The cure in question doesn’t only work for autism. It involves radical neurological rewriting, so it is also touted as a cure for several other conditions – including PTSD. It is a traumatized co-worker, not Howard, who is most interested in these doctors and in being cured. (Which is understandable to me; I’m fairly sure that, unlike autism, most people with PTSD would like to be cured.)

Also, the cure technology is situated within a larger landscape of interventions available to people like Howard. These interventions have benefits and drawbacks, just as therapies for autistic people can have benefits and drawbacks in real life. Howard, for example, uses Augmented Reality goggles to mediate his sensory input. These goggles help with overload and prevent meltdowns, but they also provide intrusive commentary on Howard’s actions, shaming him for harmless behaviours which happen not to be what NTs expect, and they dampen the pattern-matching abilities which make Howard so good at his job in the first place. Moreover, Howard’s use of the goggles is sometimes coerced; wearing them in certain situations, for instance, is a condition of his employment.

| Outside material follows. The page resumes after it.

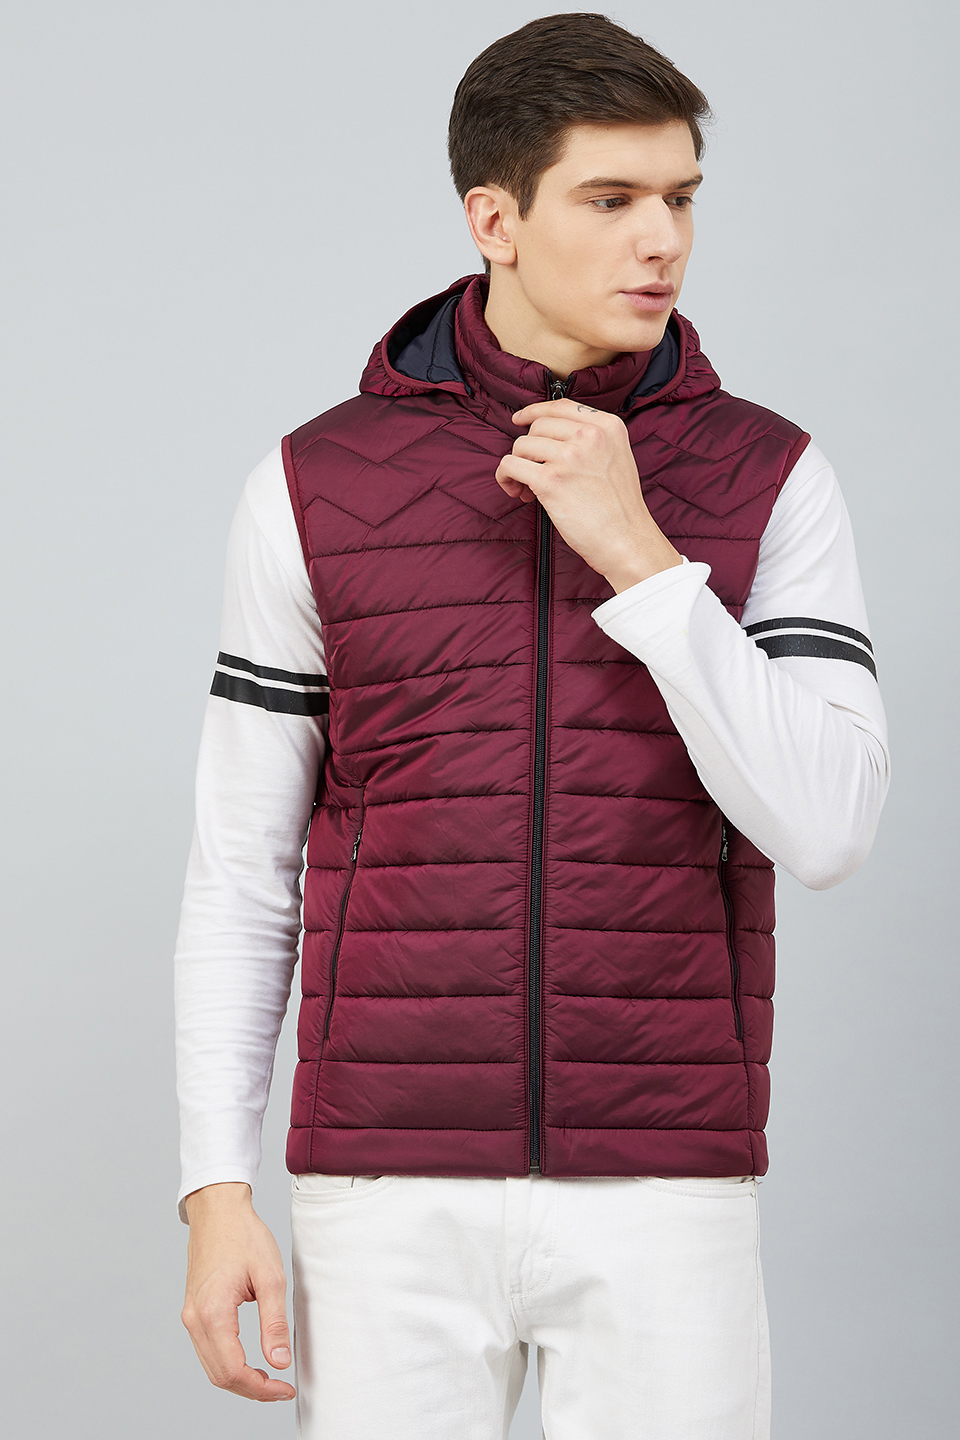 Hitachi High Quality Fashion Men Waistcoat Coats & Jackets Thick Stand  Collar Solid Color Cotton Vest Down Jacket Sleeveless Autumn Winter | Wish

Gower is not Meda Kahn, and her story is not polemic. She does not spell out how the problems with Howard’s goggles relate to ableism and social power. However, she shows the problems quite clearly, shows us how Howard’s insecurities develop around them, and allows us to draw our own conclusions. The result is a story which is sometimes uncomfortable to read, especially when one doesn’t know if it will turn out all right in the end, but worth reading.

And I said I wouldn’t spoil the ending, but just so we’re clear: in the end, Howard is not cured. The doctors with the cures are very definitely not good guys, and they don’t win. And the brief characterization given to the doctors, though they do not get much direct screen time, will have many autistic readers wincing and nodding in recognition.